The real smart lighting revolution... We have smart TVs that are smart because they connect to the Internet. We have smart phones because the connect, and have apps. We have smart snacks because they don't have "unnatural" ingredients. (High fructose corn syrup and natural flavors are natural too... maybe not the best criteria). Take a light, add a microprocessor so do something, and you can call it "smart", but like that snack food, that's just marketing. Real smart lighting will be connective, adaptive and aware. We've mentioned before that integrated controls are going to be as basic a requirement for lighting as a touch screen is to a smartphone. What's going to distinguish real smart lighting is that it's going to not only include connected controls and sensors, but it's going to know what to do with that data. That includes the local decision making directly related to the amount and type of lighting from any given luminaire, as well as knowing what to aggregate and pass along to the higher level systems as part of it's membership in the Internet of Things. If the temperature in the room is supposed to be between 72 and 74 F, does the building management system need to know it's still 73 now? And now? And still now? Or does it simply need to know when the temp strays below 72 or above 74. "All is well" gets a bit cumbersome every few seconds, especially if you're involved with anything that uses batteries or other energy harvesting.

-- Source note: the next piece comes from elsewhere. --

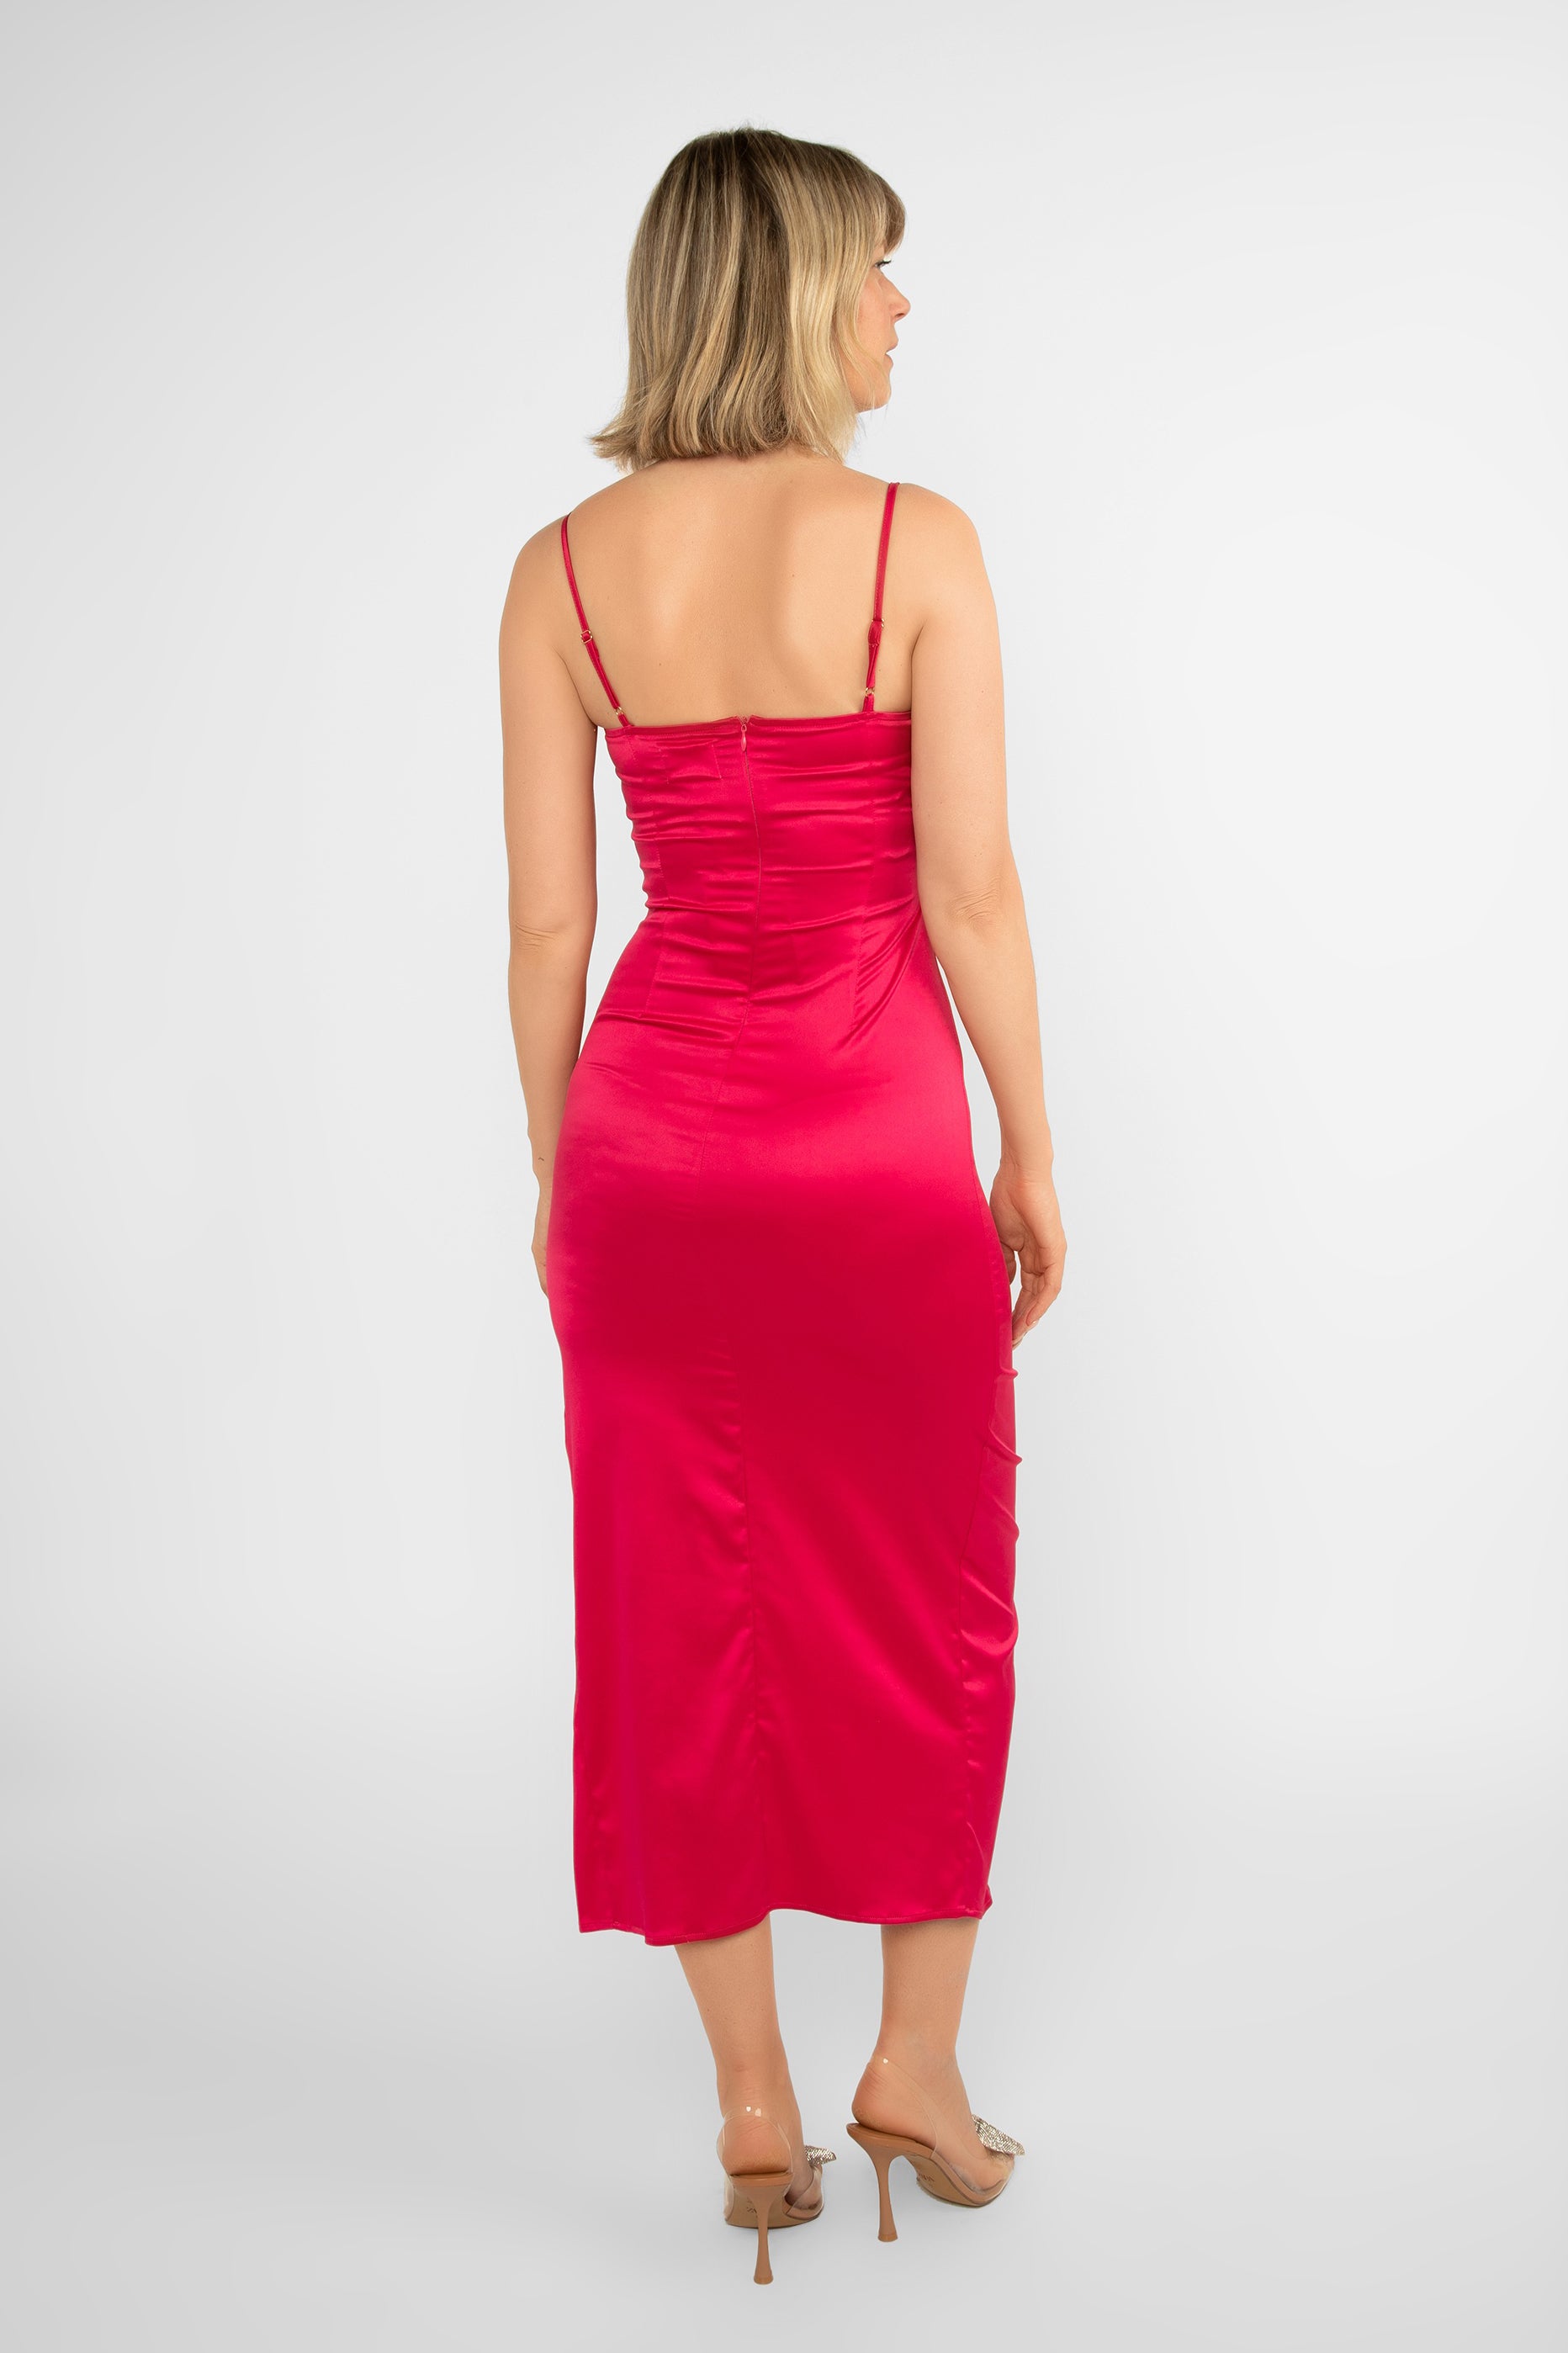 Back view of LATE (DR-2918400) Monica Dress - Satin Midi Body Con Dress with High Side split and curve accentuating ruching in hot pink

Save your breath, remote device...

And that brings us to the result of this real smart lighting. Yes, there will be better, more granular, information about the space below the light (Check into some of what's up, especially with sensors, at the Smart Lighting Engineering Research Center (ERC) for what's going on beyond just how much light, and what's the temp. Cool stuff includes time of flight info that can use light travel times to tell you how many people are in a room, where they are moving, and whether they are sitting or standing). And yes, there will be better control of the light. Pick your color, pick your style, pick your cycle. But what's really most impactful is that the light will know your color, your style and your cycle. The light won't just be connected to the IoT, it will be connected to you. Which means connecting the person and the space. In it's own significant way, the light will acknowledge your significance. Your cause and effect relationship with the space, and by implication, the bigger world.

Trust us, the fruit of our collective efforts, for health, well being and the higher level of "connectedness" that lighting will impart, will be become obvious to all, very soon.